* _Exercise objective_
Within the material below, locate the line with "Amplitude Poster Contest" and the line with "Mega Man Shooting", then return those two lines and all lines between them, exactly as written.

· · · · ·

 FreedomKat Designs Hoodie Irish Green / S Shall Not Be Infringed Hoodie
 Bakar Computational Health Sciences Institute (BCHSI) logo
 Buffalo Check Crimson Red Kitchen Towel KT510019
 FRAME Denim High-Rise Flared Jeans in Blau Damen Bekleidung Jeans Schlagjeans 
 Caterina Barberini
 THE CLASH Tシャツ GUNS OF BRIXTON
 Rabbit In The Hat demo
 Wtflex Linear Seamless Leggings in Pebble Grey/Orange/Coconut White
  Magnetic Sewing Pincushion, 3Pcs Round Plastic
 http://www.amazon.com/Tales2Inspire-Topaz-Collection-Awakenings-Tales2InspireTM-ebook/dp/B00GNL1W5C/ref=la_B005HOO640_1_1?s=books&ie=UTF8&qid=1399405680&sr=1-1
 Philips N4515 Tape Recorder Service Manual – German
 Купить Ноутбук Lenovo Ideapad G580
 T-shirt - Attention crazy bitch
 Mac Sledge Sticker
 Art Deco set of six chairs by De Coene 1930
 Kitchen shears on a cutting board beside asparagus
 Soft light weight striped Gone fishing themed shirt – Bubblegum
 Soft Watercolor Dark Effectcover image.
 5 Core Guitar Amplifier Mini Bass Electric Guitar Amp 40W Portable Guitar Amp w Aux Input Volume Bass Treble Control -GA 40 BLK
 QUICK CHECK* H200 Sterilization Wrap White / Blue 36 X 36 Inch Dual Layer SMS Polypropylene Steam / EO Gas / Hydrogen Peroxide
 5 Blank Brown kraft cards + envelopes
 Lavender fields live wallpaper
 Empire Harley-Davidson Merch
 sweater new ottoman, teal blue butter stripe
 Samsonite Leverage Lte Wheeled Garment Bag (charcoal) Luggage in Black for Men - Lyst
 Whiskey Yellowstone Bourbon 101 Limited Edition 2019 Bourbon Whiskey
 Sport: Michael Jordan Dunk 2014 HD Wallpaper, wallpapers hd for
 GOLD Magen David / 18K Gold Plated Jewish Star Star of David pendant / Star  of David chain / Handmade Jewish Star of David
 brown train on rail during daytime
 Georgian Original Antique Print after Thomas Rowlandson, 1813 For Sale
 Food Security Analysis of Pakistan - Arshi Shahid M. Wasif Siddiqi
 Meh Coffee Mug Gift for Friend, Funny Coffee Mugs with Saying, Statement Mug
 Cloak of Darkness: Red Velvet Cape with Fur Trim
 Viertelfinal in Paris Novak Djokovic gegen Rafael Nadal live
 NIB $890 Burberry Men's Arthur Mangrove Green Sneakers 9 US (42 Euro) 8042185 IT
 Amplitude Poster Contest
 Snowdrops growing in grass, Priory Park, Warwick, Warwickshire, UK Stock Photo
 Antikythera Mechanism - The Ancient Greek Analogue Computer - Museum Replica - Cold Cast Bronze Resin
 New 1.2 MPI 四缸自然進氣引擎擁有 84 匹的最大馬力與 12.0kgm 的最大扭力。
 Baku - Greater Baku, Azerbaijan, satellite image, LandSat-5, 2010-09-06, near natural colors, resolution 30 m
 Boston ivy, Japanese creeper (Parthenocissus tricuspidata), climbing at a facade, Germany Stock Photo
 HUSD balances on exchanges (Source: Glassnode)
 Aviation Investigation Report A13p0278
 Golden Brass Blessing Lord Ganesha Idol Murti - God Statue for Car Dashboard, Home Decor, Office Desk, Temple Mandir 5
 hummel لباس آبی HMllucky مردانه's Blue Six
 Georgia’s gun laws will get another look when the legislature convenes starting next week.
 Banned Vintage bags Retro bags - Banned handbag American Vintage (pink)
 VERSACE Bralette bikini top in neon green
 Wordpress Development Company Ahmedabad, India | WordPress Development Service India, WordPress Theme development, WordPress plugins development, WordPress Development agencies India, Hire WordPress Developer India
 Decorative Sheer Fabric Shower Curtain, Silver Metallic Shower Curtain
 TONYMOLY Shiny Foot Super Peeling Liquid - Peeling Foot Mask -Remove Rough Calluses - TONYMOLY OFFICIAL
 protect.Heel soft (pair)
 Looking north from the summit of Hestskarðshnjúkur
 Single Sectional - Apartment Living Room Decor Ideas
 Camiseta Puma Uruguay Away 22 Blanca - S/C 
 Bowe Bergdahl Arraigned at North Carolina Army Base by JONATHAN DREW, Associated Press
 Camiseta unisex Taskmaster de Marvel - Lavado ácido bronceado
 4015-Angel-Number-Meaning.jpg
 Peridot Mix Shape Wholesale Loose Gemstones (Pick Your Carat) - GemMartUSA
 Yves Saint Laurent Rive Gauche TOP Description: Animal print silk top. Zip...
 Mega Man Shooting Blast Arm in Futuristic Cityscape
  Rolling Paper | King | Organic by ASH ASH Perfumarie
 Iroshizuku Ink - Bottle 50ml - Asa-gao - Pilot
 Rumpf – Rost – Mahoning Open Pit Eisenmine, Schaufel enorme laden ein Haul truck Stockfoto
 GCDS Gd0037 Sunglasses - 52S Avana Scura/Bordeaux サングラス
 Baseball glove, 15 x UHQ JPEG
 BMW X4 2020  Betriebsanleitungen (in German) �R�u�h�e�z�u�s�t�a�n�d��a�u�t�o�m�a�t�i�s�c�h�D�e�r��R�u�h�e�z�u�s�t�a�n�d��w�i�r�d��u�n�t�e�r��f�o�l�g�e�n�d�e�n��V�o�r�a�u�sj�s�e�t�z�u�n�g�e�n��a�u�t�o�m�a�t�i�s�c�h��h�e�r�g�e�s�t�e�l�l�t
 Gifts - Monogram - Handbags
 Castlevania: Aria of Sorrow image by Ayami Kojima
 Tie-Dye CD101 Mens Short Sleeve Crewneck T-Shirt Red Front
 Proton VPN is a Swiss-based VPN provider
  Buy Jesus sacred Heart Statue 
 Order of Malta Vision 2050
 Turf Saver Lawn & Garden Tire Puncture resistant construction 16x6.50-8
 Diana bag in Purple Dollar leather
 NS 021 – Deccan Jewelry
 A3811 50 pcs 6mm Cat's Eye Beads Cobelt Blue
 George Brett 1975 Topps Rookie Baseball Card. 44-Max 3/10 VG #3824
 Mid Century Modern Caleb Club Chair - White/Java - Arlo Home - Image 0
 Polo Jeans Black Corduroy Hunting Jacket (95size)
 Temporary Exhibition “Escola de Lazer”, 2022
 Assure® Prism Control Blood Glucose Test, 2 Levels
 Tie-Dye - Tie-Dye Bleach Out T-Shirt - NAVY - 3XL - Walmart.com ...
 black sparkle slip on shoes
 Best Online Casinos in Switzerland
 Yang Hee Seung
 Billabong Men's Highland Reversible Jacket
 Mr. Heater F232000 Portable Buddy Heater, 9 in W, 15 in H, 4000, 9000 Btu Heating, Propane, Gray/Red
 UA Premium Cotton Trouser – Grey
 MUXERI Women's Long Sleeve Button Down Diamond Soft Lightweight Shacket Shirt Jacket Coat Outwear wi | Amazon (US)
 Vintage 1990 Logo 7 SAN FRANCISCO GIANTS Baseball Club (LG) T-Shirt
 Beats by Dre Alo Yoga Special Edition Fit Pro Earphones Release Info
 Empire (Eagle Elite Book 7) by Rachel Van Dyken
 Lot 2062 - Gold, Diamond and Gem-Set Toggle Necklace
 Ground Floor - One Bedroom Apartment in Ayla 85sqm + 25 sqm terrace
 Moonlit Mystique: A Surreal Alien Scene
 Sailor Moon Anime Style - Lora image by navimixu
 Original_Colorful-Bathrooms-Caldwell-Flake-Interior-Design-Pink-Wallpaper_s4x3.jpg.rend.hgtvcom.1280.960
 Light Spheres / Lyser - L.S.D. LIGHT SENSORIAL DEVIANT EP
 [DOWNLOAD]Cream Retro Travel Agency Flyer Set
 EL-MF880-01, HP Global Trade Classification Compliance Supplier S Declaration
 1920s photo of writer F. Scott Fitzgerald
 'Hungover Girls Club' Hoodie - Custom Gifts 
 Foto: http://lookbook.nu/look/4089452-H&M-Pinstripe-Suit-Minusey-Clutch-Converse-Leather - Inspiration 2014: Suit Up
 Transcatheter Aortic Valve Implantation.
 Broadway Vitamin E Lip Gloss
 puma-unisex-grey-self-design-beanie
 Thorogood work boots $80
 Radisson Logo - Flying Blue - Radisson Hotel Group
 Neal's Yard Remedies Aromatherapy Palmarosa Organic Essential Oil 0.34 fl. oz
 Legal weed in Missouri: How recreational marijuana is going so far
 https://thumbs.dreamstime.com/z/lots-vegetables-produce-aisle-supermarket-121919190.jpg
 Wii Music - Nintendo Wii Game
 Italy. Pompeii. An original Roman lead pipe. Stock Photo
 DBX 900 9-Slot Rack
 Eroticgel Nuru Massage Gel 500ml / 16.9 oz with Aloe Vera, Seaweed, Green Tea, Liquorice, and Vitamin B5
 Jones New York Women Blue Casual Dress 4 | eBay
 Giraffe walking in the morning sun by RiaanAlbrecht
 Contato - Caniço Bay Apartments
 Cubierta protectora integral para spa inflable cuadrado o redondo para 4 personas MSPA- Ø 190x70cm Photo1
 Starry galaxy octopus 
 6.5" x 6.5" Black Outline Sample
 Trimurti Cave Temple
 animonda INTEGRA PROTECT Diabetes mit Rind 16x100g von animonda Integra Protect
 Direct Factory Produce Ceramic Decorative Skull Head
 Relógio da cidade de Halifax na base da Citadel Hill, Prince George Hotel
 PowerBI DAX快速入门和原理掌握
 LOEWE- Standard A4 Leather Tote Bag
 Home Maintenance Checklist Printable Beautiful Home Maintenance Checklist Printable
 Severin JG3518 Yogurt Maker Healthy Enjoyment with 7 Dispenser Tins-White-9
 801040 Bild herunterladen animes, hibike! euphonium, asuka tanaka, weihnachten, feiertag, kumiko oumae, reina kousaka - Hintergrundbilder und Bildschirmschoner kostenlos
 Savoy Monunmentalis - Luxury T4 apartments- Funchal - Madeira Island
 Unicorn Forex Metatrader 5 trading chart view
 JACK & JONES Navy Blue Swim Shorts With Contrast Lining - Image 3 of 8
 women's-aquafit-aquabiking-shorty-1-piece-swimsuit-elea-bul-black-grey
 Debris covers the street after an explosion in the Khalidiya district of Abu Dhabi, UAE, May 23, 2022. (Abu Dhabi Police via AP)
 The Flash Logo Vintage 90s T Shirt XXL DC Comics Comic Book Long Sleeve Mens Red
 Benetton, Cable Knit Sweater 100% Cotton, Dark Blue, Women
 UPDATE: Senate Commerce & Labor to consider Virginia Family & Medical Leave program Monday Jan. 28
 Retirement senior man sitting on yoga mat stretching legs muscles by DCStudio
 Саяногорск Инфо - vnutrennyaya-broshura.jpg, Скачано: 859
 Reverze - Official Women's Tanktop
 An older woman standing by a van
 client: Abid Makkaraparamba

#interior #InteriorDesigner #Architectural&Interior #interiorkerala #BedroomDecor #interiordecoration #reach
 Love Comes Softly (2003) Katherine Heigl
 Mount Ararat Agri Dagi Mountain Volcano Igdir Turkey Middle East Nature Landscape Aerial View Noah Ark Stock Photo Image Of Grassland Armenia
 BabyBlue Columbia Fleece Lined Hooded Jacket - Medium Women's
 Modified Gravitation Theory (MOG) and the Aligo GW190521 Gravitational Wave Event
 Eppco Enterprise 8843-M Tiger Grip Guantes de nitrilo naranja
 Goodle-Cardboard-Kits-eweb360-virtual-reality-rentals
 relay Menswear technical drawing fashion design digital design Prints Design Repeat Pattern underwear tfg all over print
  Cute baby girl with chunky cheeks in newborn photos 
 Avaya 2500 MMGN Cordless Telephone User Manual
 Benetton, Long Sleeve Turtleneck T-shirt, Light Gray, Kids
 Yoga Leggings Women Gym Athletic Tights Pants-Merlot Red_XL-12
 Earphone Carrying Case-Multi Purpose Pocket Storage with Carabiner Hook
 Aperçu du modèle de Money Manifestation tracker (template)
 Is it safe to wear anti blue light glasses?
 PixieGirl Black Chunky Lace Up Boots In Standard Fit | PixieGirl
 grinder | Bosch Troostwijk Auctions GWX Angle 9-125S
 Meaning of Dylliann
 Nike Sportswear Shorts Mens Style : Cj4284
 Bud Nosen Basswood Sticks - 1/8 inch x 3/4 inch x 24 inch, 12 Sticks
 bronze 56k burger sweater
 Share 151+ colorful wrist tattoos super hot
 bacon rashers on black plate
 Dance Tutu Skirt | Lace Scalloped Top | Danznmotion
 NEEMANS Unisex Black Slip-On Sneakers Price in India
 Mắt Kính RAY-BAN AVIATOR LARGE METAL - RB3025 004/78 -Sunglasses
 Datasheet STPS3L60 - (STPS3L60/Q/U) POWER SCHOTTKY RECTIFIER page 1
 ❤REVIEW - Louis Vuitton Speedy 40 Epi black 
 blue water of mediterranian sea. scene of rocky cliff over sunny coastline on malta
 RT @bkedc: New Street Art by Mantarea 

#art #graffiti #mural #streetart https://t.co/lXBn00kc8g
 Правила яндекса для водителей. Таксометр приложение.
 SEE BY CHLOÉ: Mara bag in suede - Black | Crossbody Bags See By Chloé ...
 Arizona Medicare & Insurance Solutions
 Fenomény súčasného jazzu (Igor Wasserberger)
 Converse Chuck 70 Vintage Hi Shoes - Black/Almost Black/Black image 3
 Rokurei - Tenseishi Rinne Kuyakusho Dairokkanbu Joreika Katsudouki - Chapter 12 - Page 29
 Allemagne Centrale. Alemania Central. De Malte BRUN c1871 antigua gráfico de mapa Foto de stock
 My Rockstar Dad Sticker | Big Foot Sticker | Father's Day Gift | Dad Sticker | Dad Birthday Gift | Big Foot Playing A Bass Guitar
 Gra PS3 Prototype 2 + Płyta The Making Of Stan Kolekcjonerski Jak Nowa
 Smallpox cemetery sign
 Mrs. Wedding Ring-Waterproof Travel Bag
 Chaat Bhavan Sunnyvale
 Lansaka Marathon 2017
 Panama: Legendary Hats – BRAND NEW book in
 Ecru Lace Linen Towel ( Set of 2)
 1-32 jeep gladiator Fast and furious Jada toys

· · · · ·

* _Your solution_
 Amplitude Poster Contest
 Snowdrops growing in grass, Priory Park, Warwick, Warwickshire, UK Stock Photo
 Antikythera Mechanism - The Ancient Greek Analogue Computer - Museum Replica - Cold Cast Bronze Resin
 New 1.2 MPI 四缸自然進氣引擎擁有 84 匹的最大馬力與 12.0kgm 的最大扭力。
 Baku - Greater Baku, Azerbaijan, satellite image, LandSat-5, 2010-09-06, near natural colors, resolution 30 m
 Boston ivy, Japanese creeper (Parthenocissus tricuspidata), climbing at a facade, Germany Stock Photo
 HUSD balances on exchanges (Source: Glassnode)
 Aviation Investigation Report A13p0278
 Golden Brass Blessing Lord Ganesha Idol Murti - God Statue for Car Dashboard, Home Decor, Office Desk, Temple Mandir 5
 hummel لباس آبی HMllucky مردانه's Blue Six
 Georgia’s gun laws will get another look when the legislature convenes starting next week.
 Banned Vintage bags Retro bags - Banned handbag American Vintage (pink)
 VERSACE Bralette bikini top in neon green
 Wordpress Development Company Ahmedabad, India | WordPress Development Service India, WordPress Theme development, WordPress plugins development, WordPress Development agencies India, Hire WordPress Developer India
 Decorative Sheer Fabric Shower Curtain, Silver Metallic Shower Curtain
 TONYMOLY Shiny Foot Super Peeling Liquid - Peeling Foot Mask -Remove Rough Calluses - TONYMOLY OFFICIAL
 protect.Heel soft (pair)
 Looking north from the summit of Hestskarðshnjúkur
 Single Sectional - Apartment Living Room Decor Ideas
 Camiseta Puma Uruguay Away 22 Blanca - S/C 
 Bowe Bergdahl Arraigned at North Carolina Army Base by JONATHAN DREW, Associated Press
 Camiseta unisex Taskmaster de Marvel - Lavado ácido bronceado
 4015-Angel-Number-Meaning.jpg
 Peridot Mix Shape Wholesale Loose Gemstones (Pick Your Carat) - GemMartUSA
 Yves Saint Laurent Rive Gauche TOP Description: Animal print silk top. Zip...
 Mega Man Shooting Blast Arm in Futuristic Cityscape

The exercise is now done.